In-the-moment strategies only go so far. The more powerful work happens between floods, not during them. “There’s not a lot that works in the moment, to be honest,” DiNardo says. “It’s really important to look at this when you’re not in that state—when you’re calm and regulated.” Over time, paying attention to what flooding feels like, and what tends to set it off, can help you start to recognize it sooner. The next time it happens, you may be able to catch it earlier.

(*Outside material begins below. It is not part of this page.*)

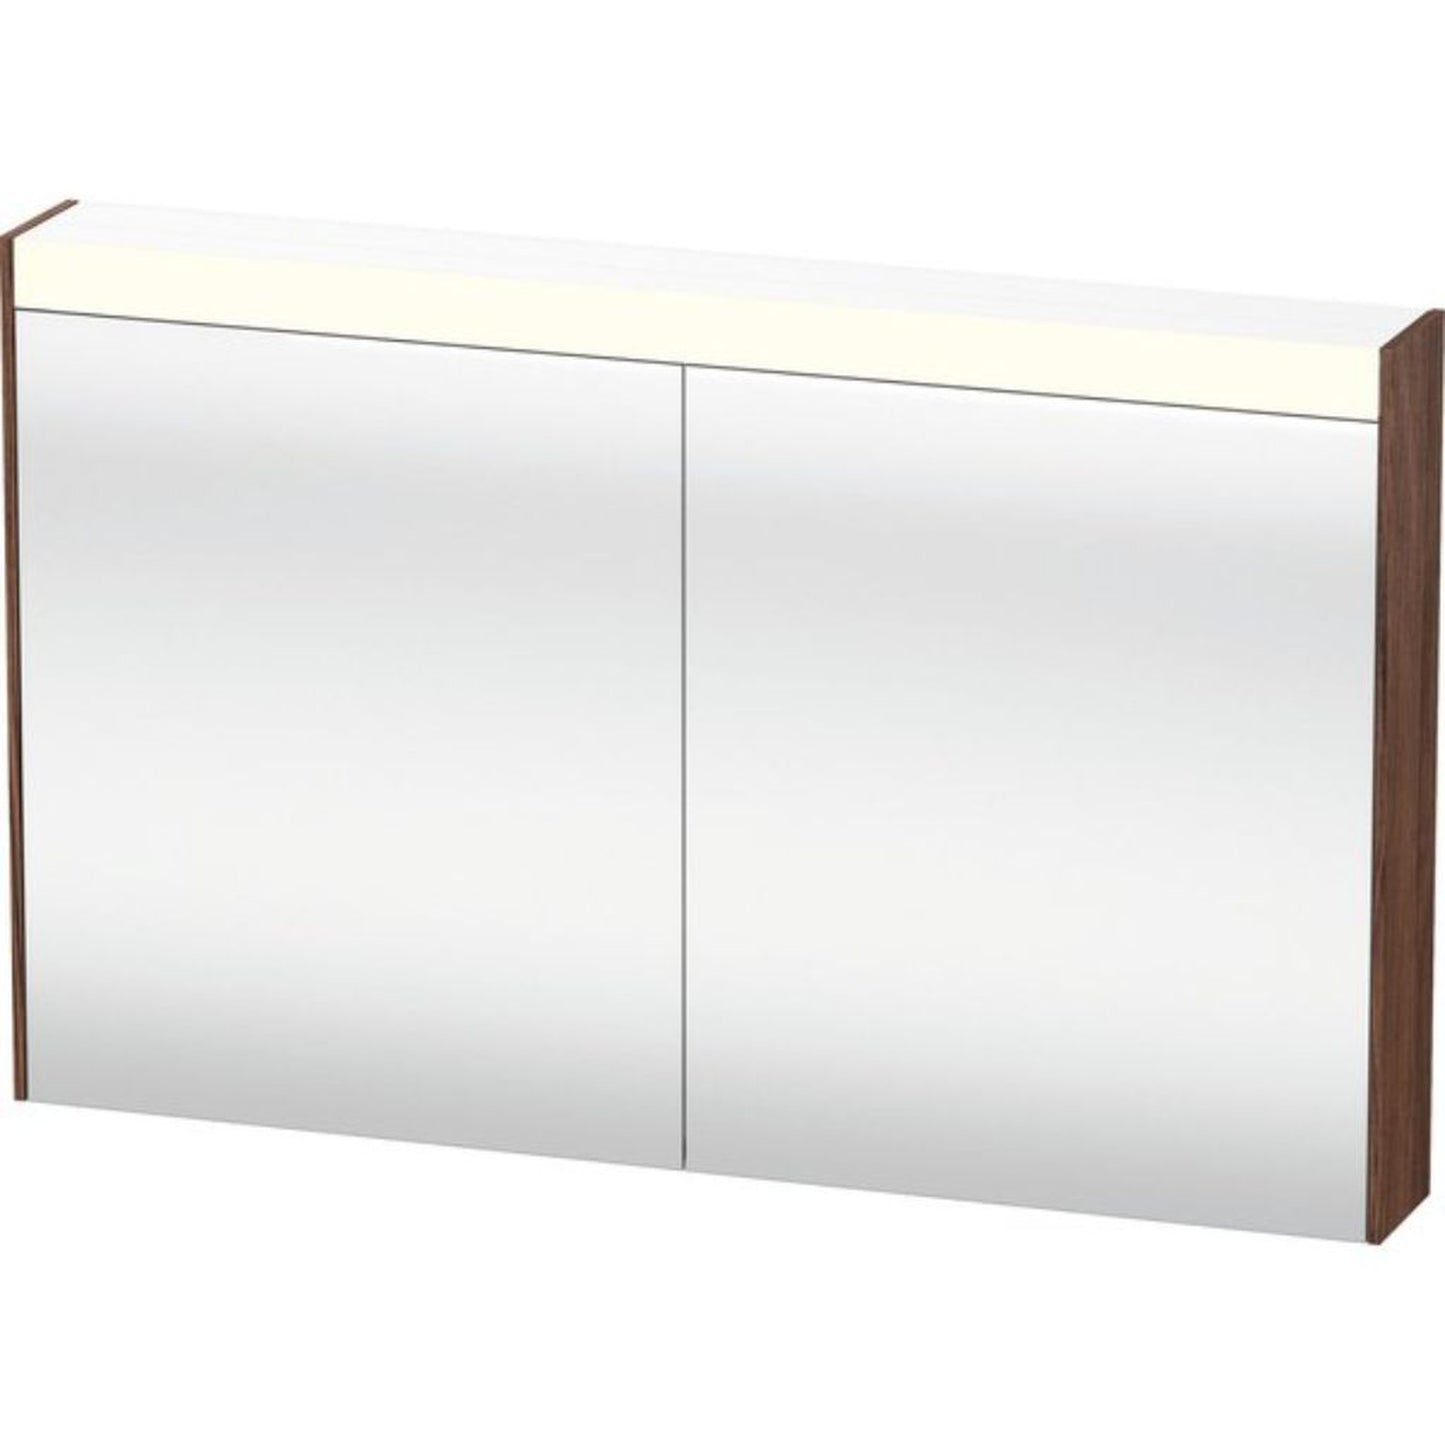 Duravit Brioso 48" x 30" x 6" Mirror Cabinet With Lighting Walnut Dark
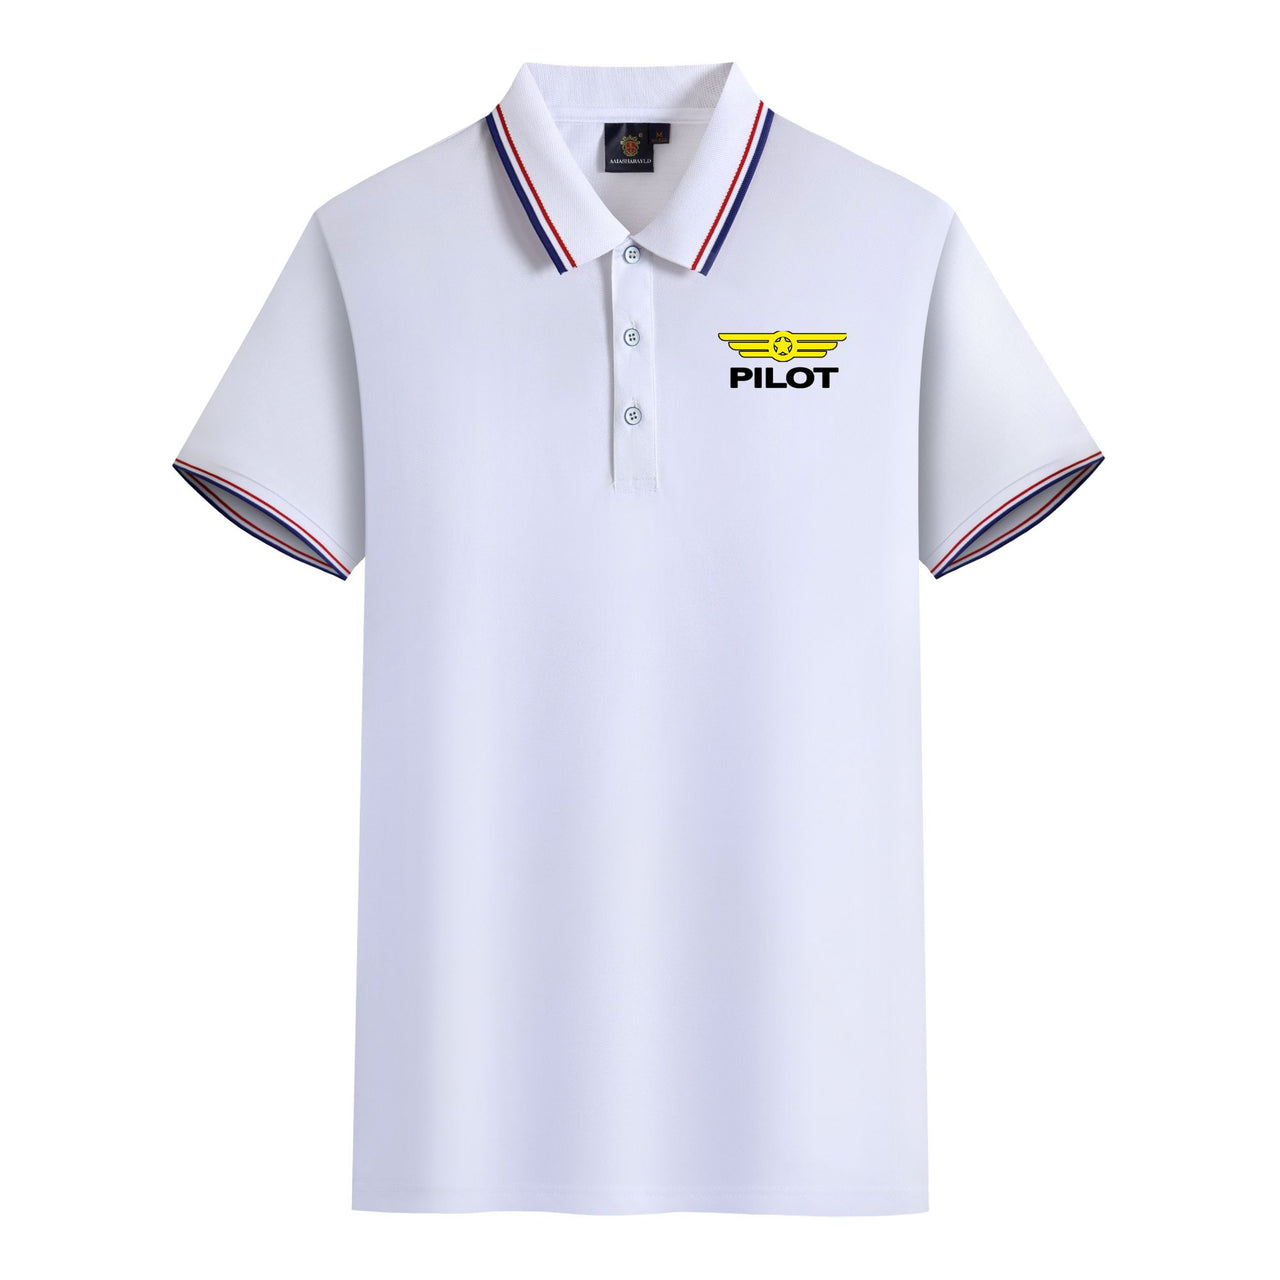 Pilot & Badge Designed Stylish Polo T-Shirts

The best ways to prevent emotional overwhelm include protecting your sleep, setting limits to avoid chronic overstimulation, and meeting what Dimitriu calls your “basic animal needs”: nutrition, movement, rest, socialization, and time alone. “These non-medical interventions are always the first step in my practice,” he says. "When the foundation is solid, everything else works better.” If you find yourself flooding regularly in response to everyday stressors—not extreme events—consider it a meaningful signal that may point to unresolved trauma or chronic stress. Therapy can help.

How to support a loved one

Getting swept up in someone else’s emotional flood is its own challenging experience—and most instinctive responses make things worse, not better. “It’s frightening,” DiNardo says. “People are scared. They don’t understand.” Trying to reason with someone who’s flooding, defending yourself, or escalating in return will likely go nowhere. Once someone is flooded, she notes, they’re essentially unreachable until their nervous system settles.

If you’ve previously talked with your loved one about their tendency to flood, it’s OK to gently name what you’re seeing. Say something like, “You seem a little overwhelmed,” Morton suggests, and then give them space. “Just say, ‘I’m going to give you a minute. Let me know when you feel better.’” If you think you may have contributed to the situation, a brief, non-defensive acknowledgment can help. What shouldn’t you do? Offer coping strategies unless they’re explicitly asked for. “That could just make it worse,” Morton says.

Read More: The Worst Things to Say to Someone With Anxiety—And What to Say Instead

Remember, too, that flooding isn’t a character flaw or a sign that something is permanently broken. It’s your body doing what it’s designed to do—responding to a perceived threat, even if that threat isn’t actually dangerous. “Everyone’s capable of being flooded,” Jordan says. “We’ve all had this experience.”